◆ EXTRACTED INFORMATION
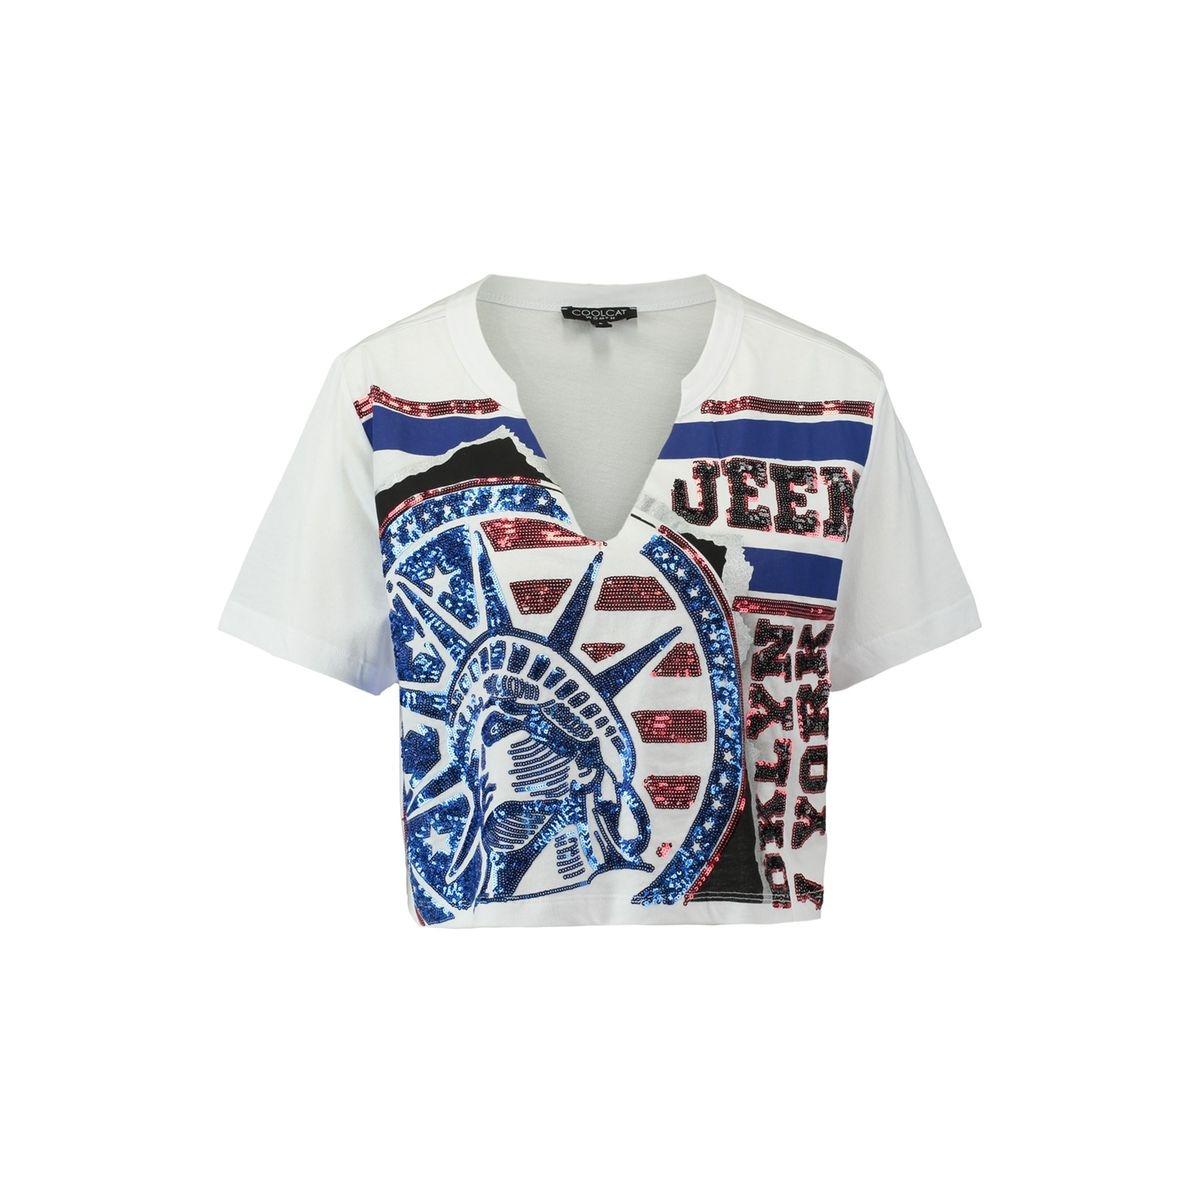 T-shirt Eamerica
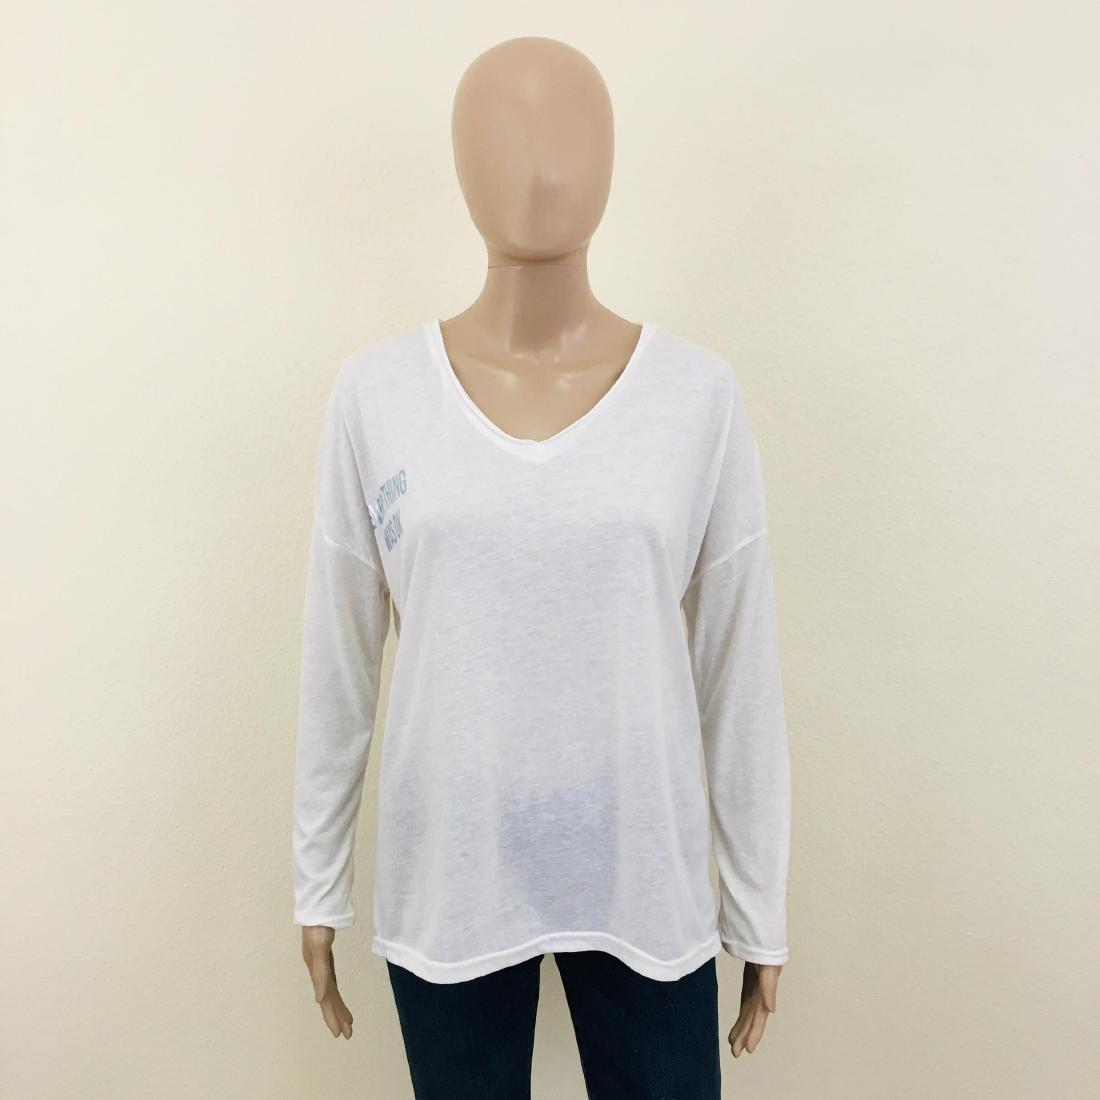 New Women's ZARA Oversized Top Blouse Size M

---

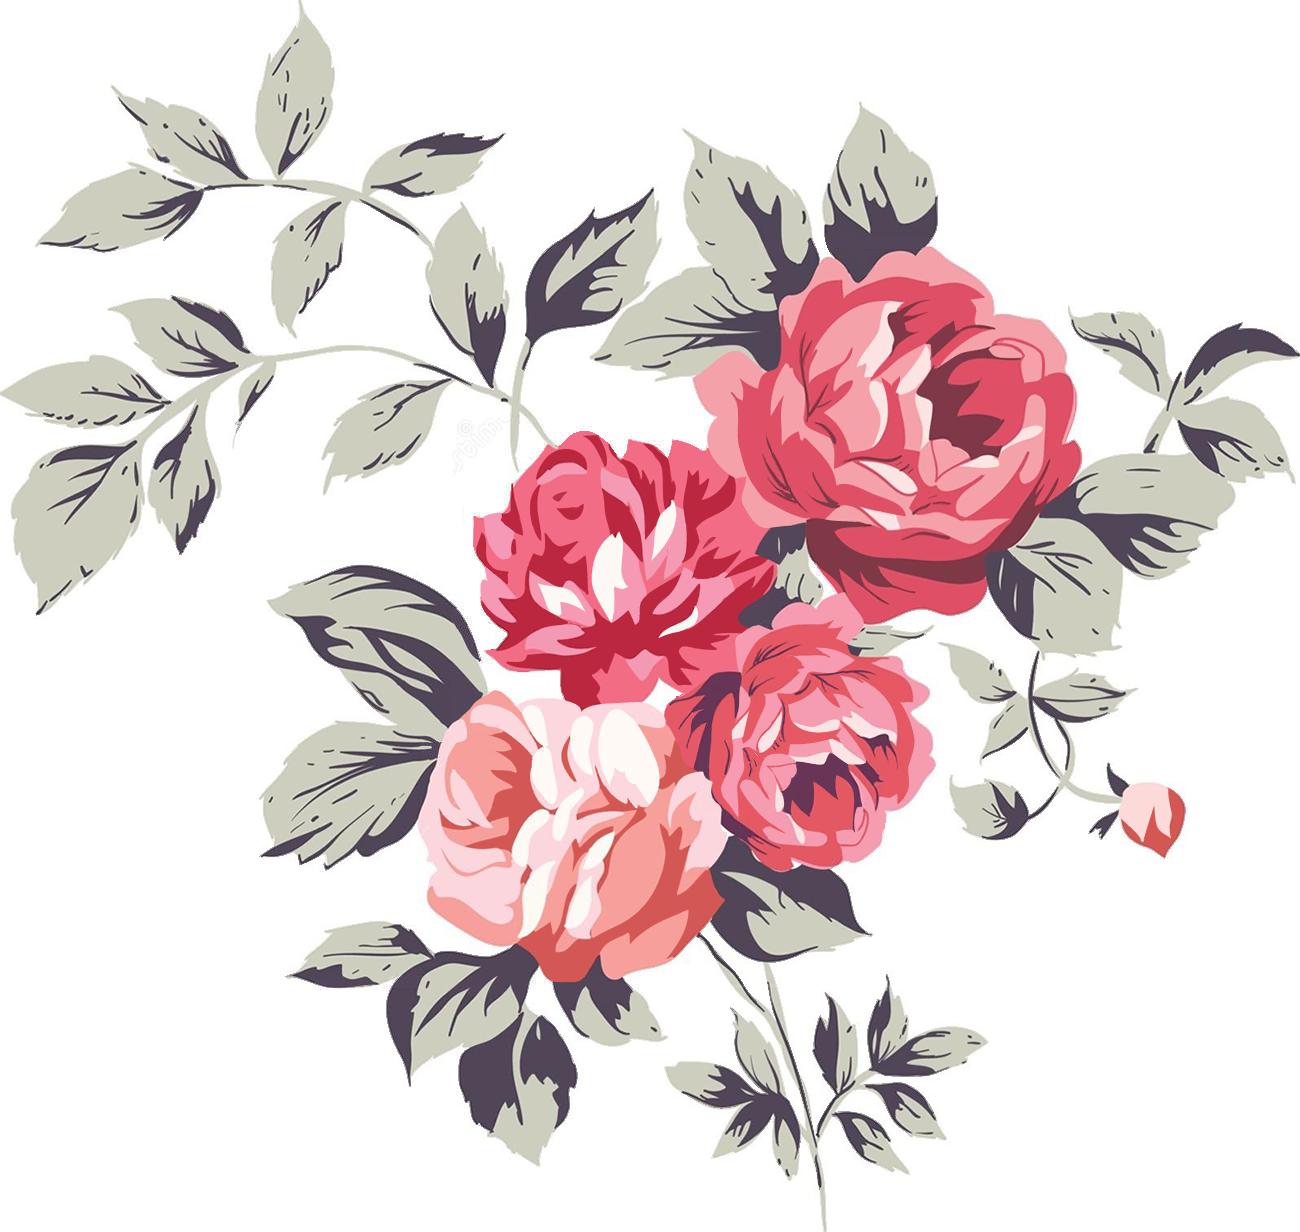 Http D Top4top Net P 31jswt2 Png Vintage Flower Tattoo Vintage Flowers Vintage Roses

◆ WHAT TO DO
Above are the records; copy from them only the lines starting at the one containing "T-shirt Eamerica" and ending at the one containing "New Women's ZARA Oversized Top Blouse Size M", exactly and without pictures.

◆ SOLUTION FOR THIS TASK
 T-shirt Eamerica
 New Women's ZARA Oversized Top Blouse Size M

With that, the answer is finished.